M I N E R VA
T H E N E W S L E T T E R O F K E LV I N S I D E A C A D E M Y
W i n ter 2 0 1 2
Jekyll and Hyde Murder! Murder! Electric performances by the cast of Jekyll and Hyde, the musical adaptation of Robert Louis Stevenson’s novella ‘Strange Case of Dr Jekyll and Mr Hyde’, took us into the dark and dangerous places of the human mind. The opening words of John Utterson, played with sombre and subtle intelligence by Gavin Hughes, warned audiences of the impending transformations of mind and soul. So it was that we were transported between elegant mansions and fashionable receptions to a nightmarish underworld of asylums, gin parlours,
cruelty and sin. By using three actors for the parts of Henry Jekyll and Edward Hyde, this production embraced the concept of multiple personalities with flair and imagination. Andrew Dickson took us on Jekyll’s descent into madness, his increasing edginess and temper reflecting the good doctor’s failure to understand the torturous changes coming over him. He was a noble man of science, romantic leading man and a soul utterly lost in hell. Joseph Gilius as Hyde was the nemesis par excellence, full of predatory animal passion and sinister, unpredictable malevolence.

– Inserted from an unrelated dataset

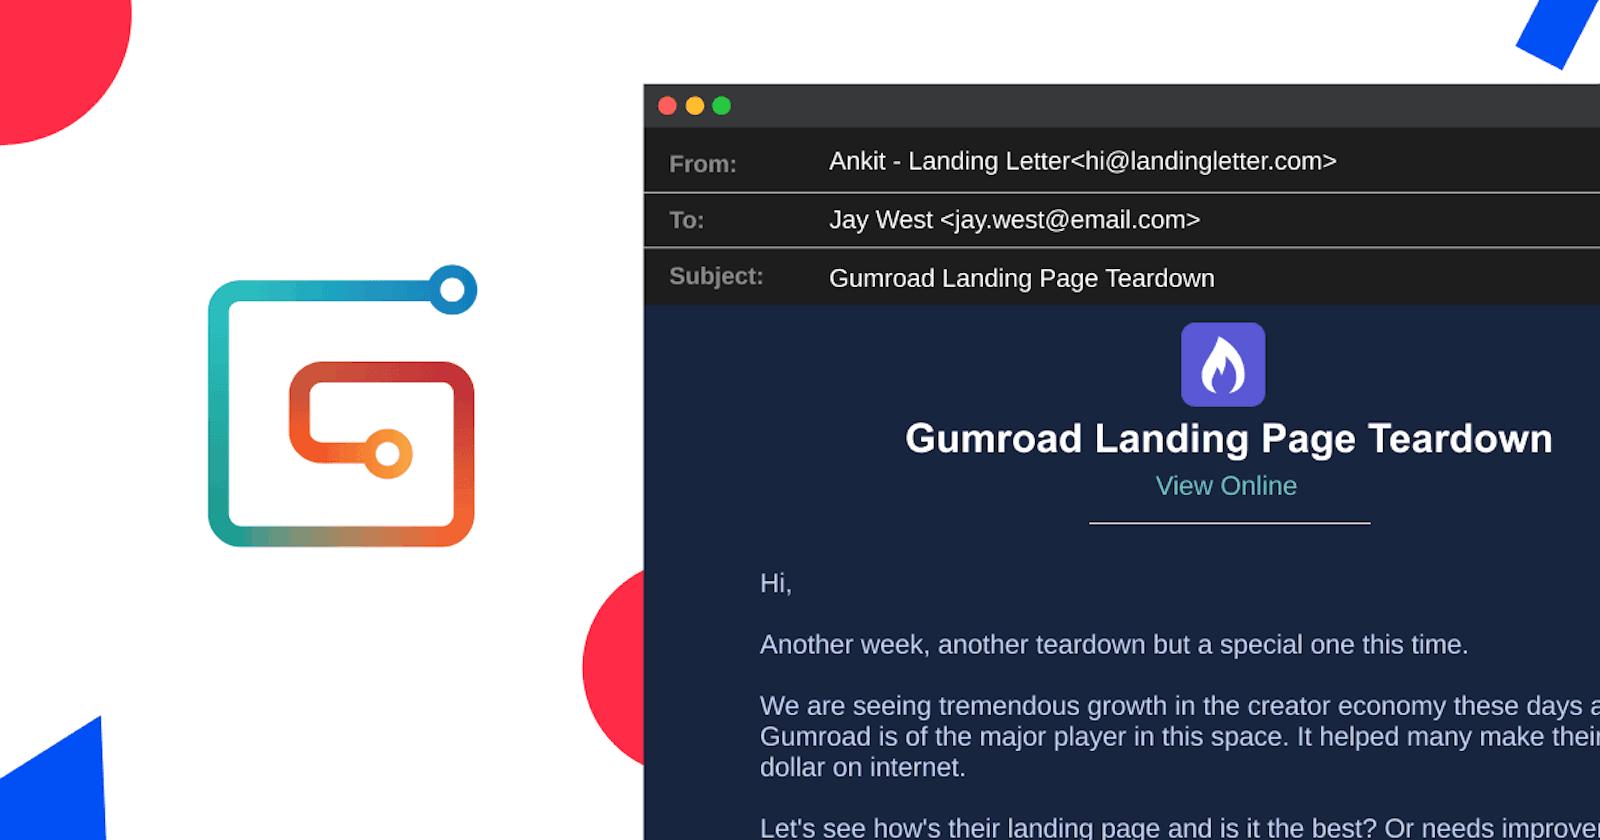 Gumroad Landing Page Teardown
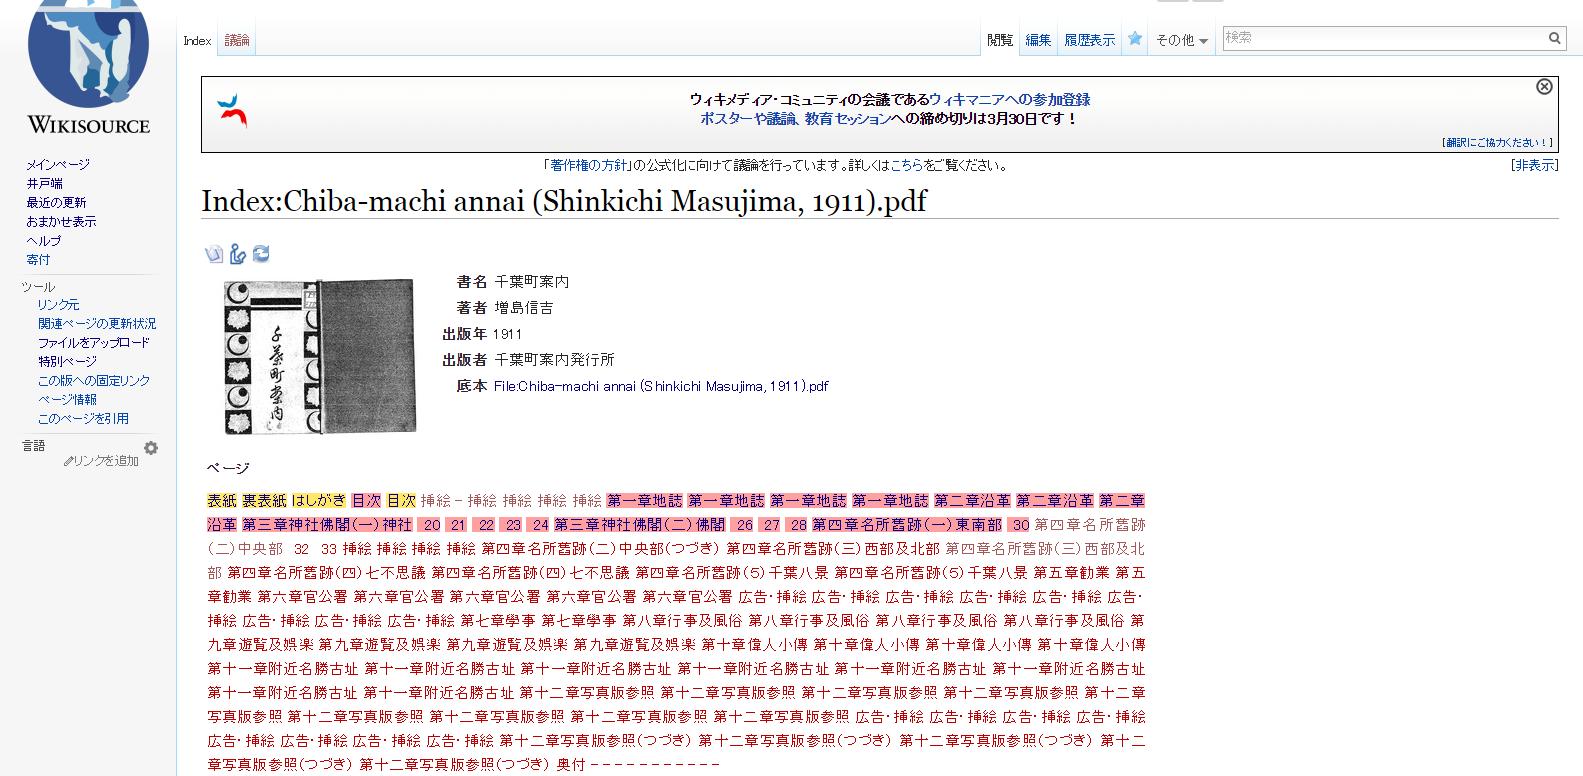 Index Chiba machi annai  Shinkichi Masujima  1911 .pdf   Wikisource.png

His energy in “I feel alive” excited the audiences in the Gilchrist Theatre and their expectation of terrible things to come. The duet “Dangerous Game” with Lucy, played by Rachel Cunningham, was charged with emotional intensity and remorseless physical threat. We were taken through an awful torture as they moved together and pulled apart, Hyde capable of snapping her in two at any moment. In playing both Jekyll and Hyde, Peter Cushley was masterly, delivering “This is the Moment” with power and “Confrontation” with precise control and timing.